Take the line with "GE Monogram ZSAB1" as the first and the last line of the data as the end. Write out both and every line between exactly, except pictures.

### DATASET CONTENT:

****

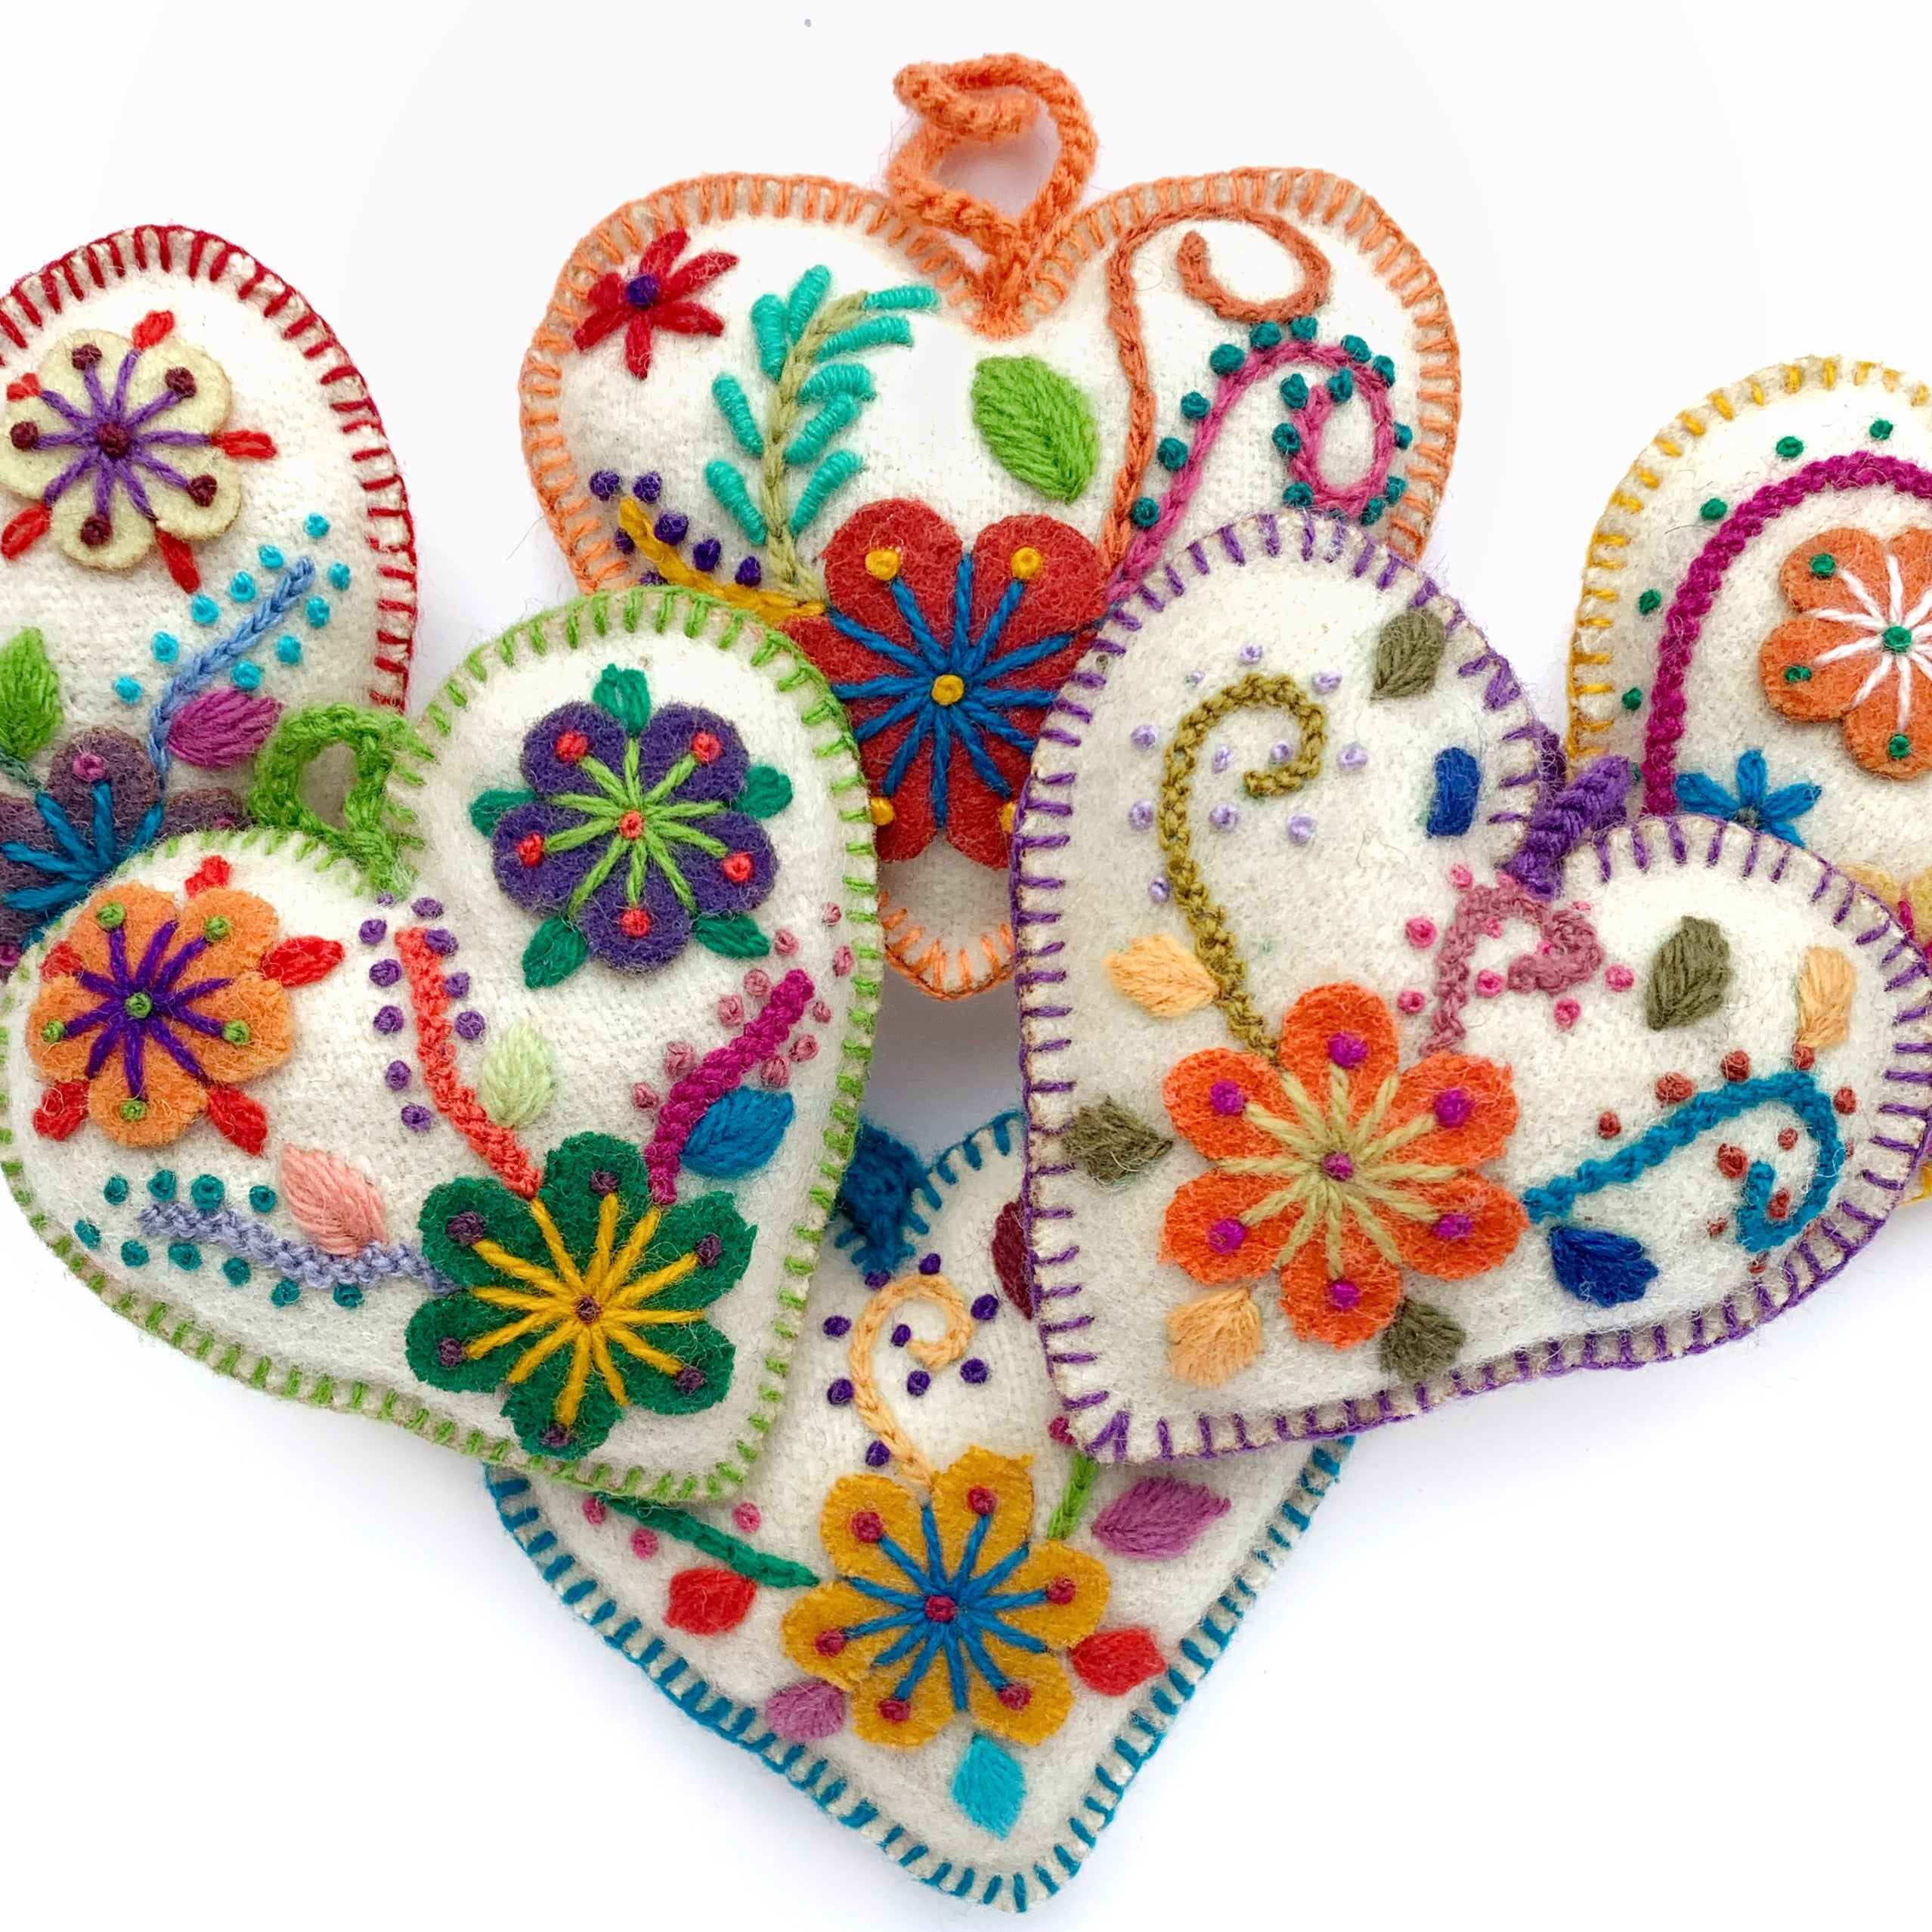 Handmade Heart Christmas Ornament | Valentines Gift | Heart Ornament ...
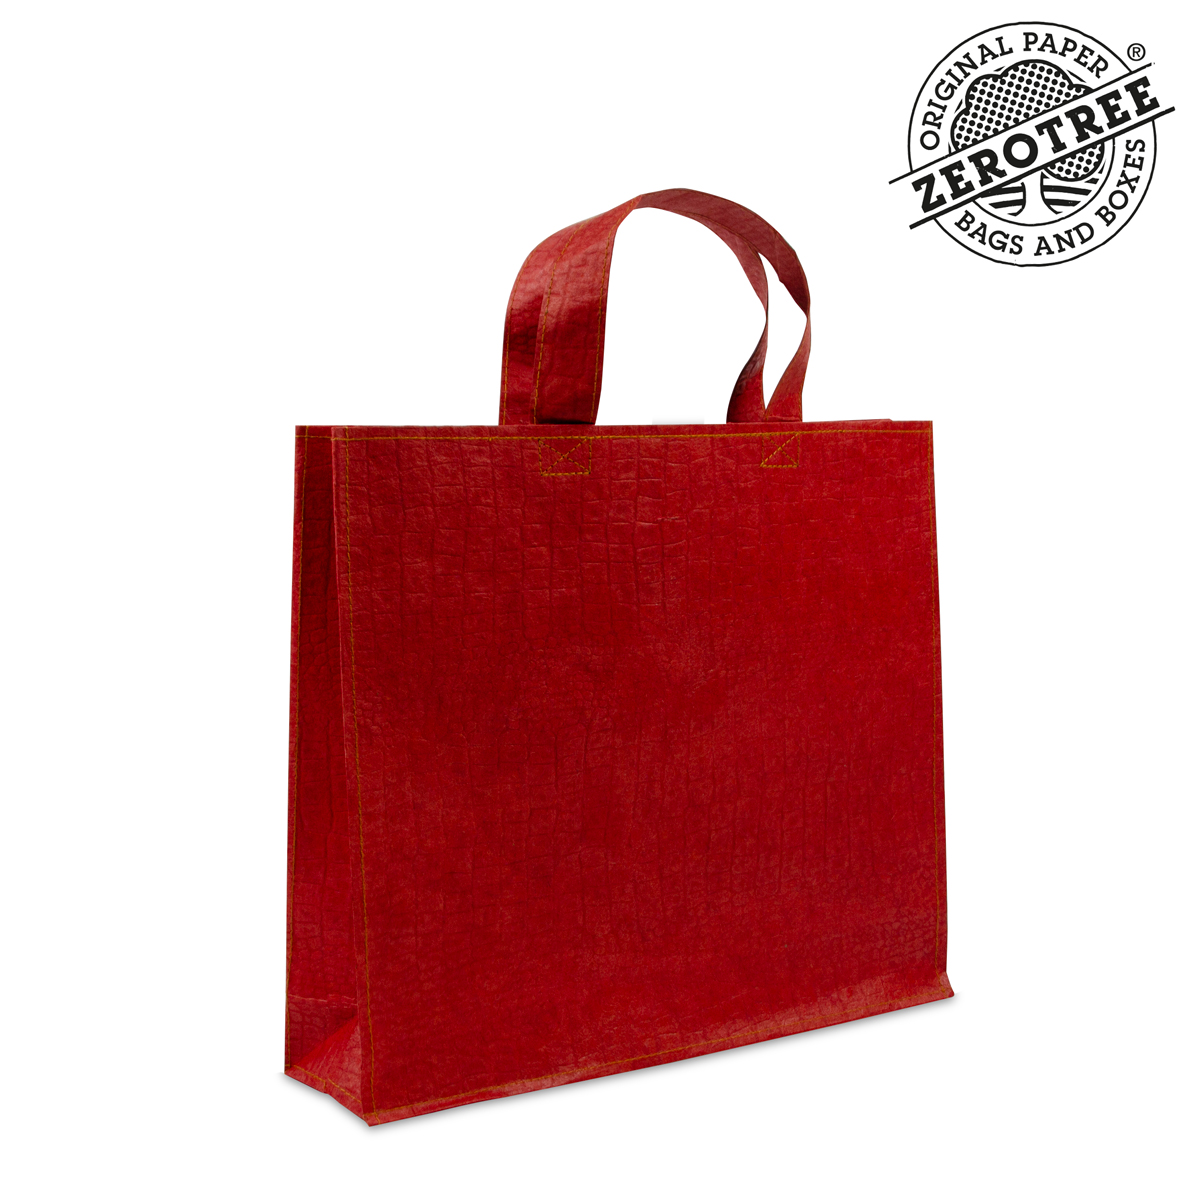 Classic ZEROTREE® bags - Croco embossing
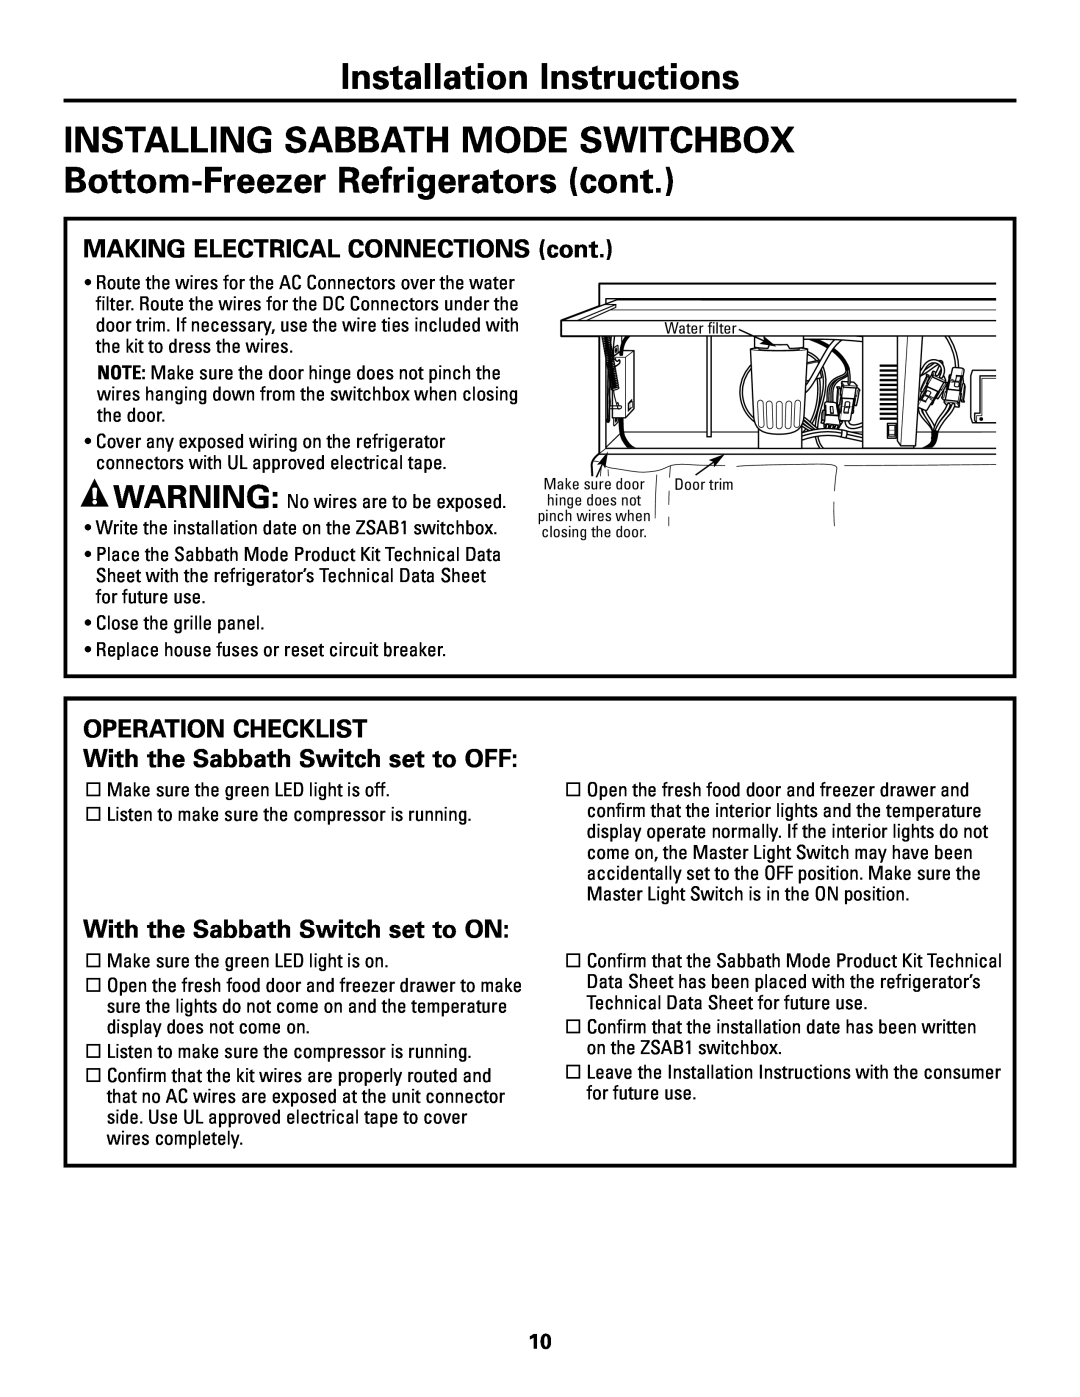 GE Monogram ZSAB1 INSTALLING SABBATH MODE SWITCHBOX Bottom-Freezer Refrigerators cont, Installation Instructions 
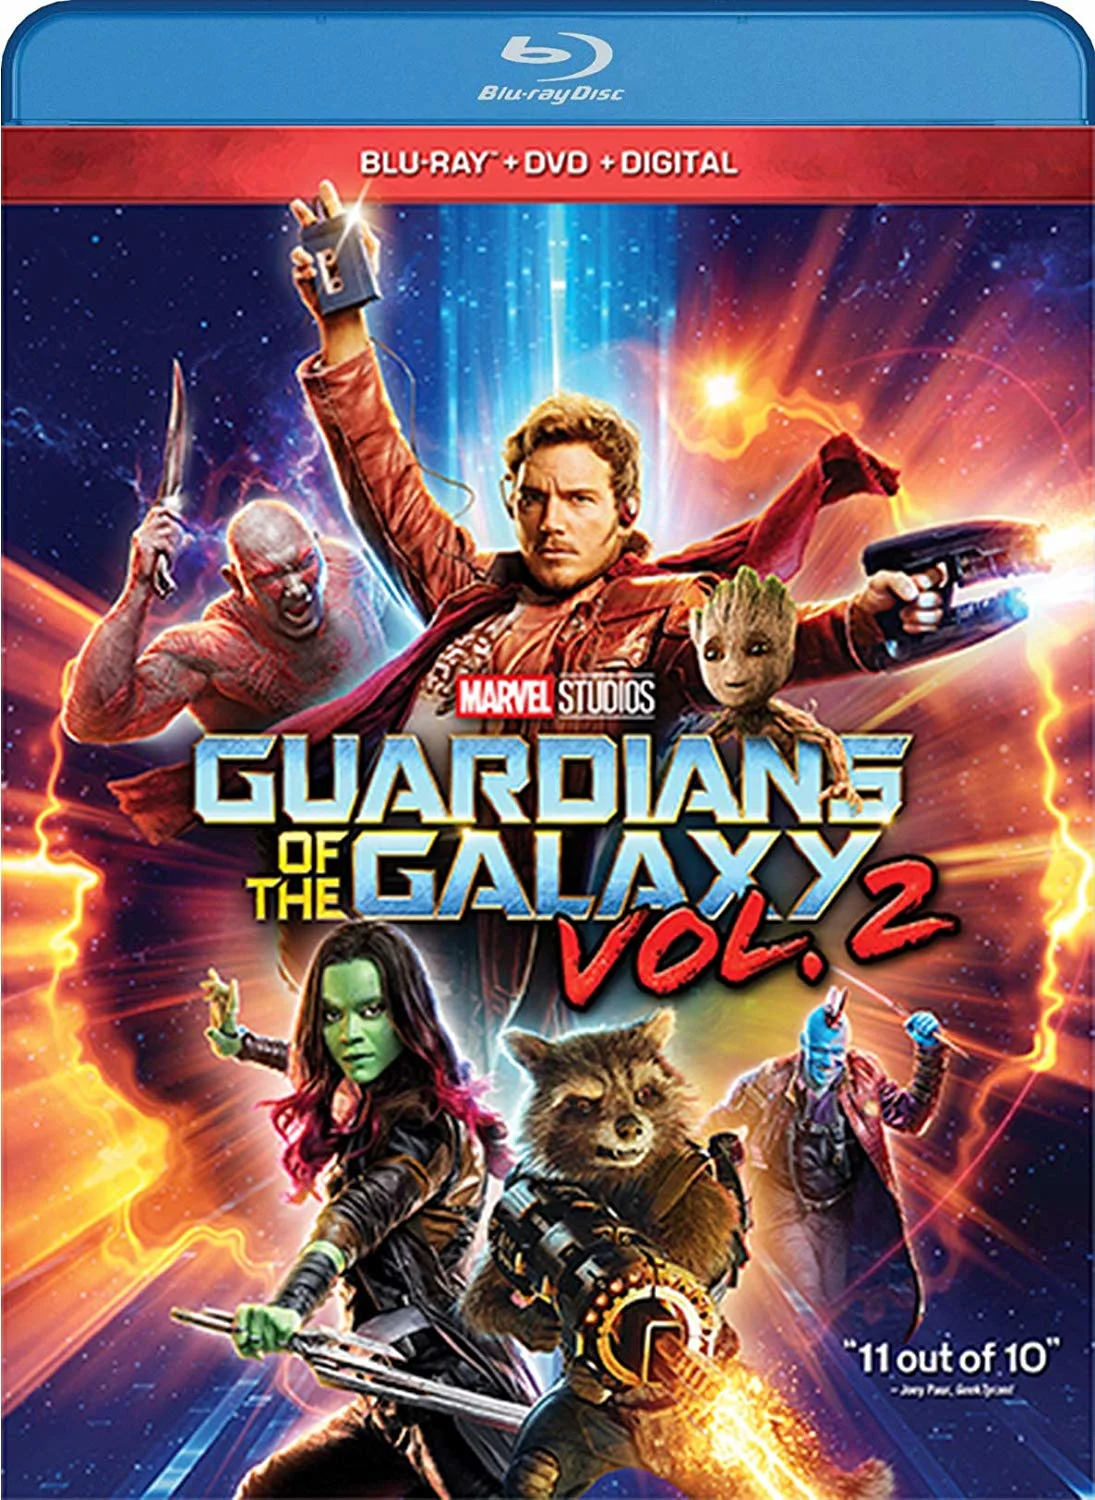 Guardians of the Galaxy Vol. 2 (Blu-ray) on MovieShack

****

### RESPONSE TO THE TASK:
 GE Monogram ZSAB1 INSTALLING SABBATH MODE SWITCHBOX Bottom-Freezer Refrigerators cont, Installation Instructions 
 Guardians of the Galaxy Vol. 2 (Blu-ray) on MovieShack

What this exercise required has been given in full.